··· Record excerpts ···
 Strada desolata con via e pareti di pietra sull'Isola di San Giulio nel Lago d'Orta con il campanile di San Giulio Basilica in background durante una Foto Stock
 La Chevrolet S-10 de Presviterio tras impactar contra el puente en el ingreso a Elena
···
··· Record excerpts ···
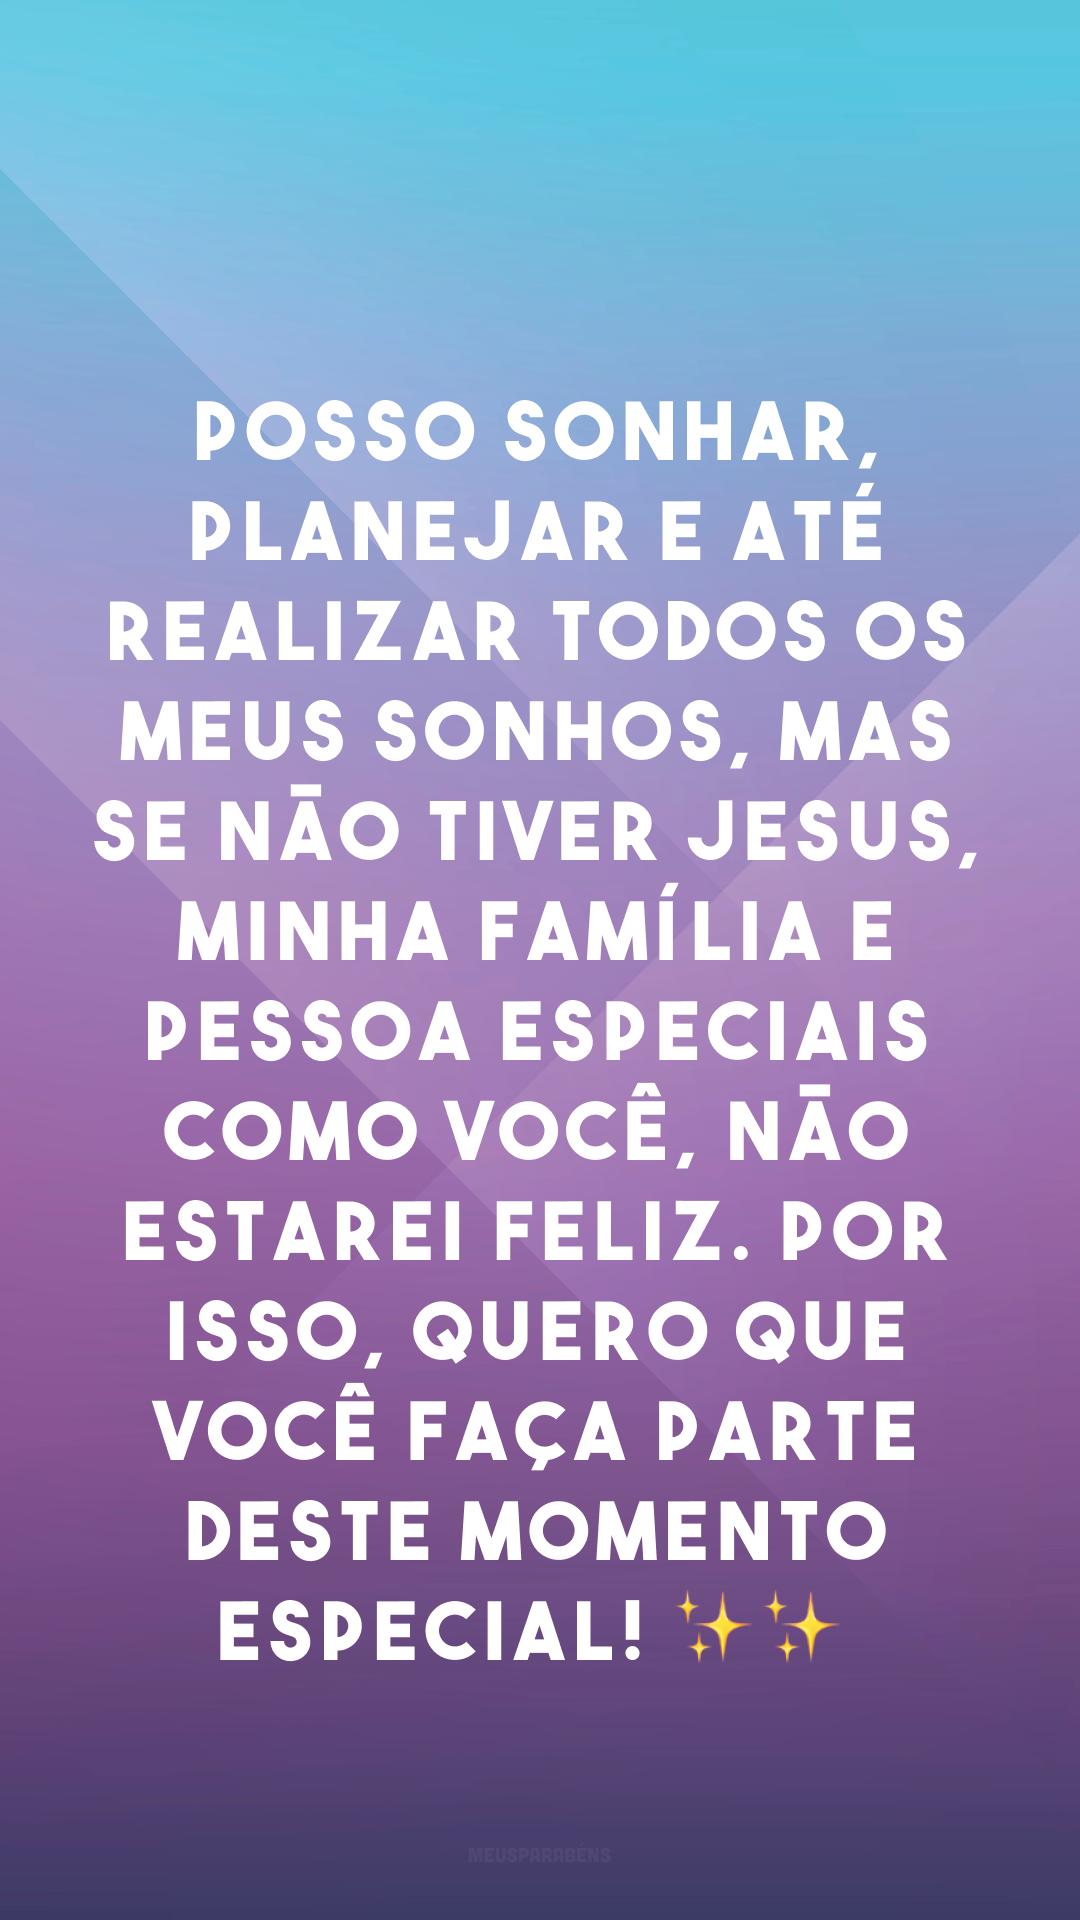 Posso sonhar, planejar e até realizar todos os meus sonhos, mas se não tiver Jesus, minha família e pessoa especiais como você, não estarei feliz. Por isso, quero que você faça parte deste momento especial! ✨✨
···
• [What you should do]:
Among the entries above, the lines between the ones containing "Strada desolata con" and "La Chevrolet S-10", inclusive, are to be transcribed exactly. No other line is to be given.

• [Expected output]:
 Strada desolata con via e pareti di pietra sull'Isola di San Giulio nel Lago d'Orta con il campanile di San Giulio Basilica in background durante una Foto Stock
 La Chevrolet S-10 de Presviterio tras impactar contra el puente en el ingreso a Elena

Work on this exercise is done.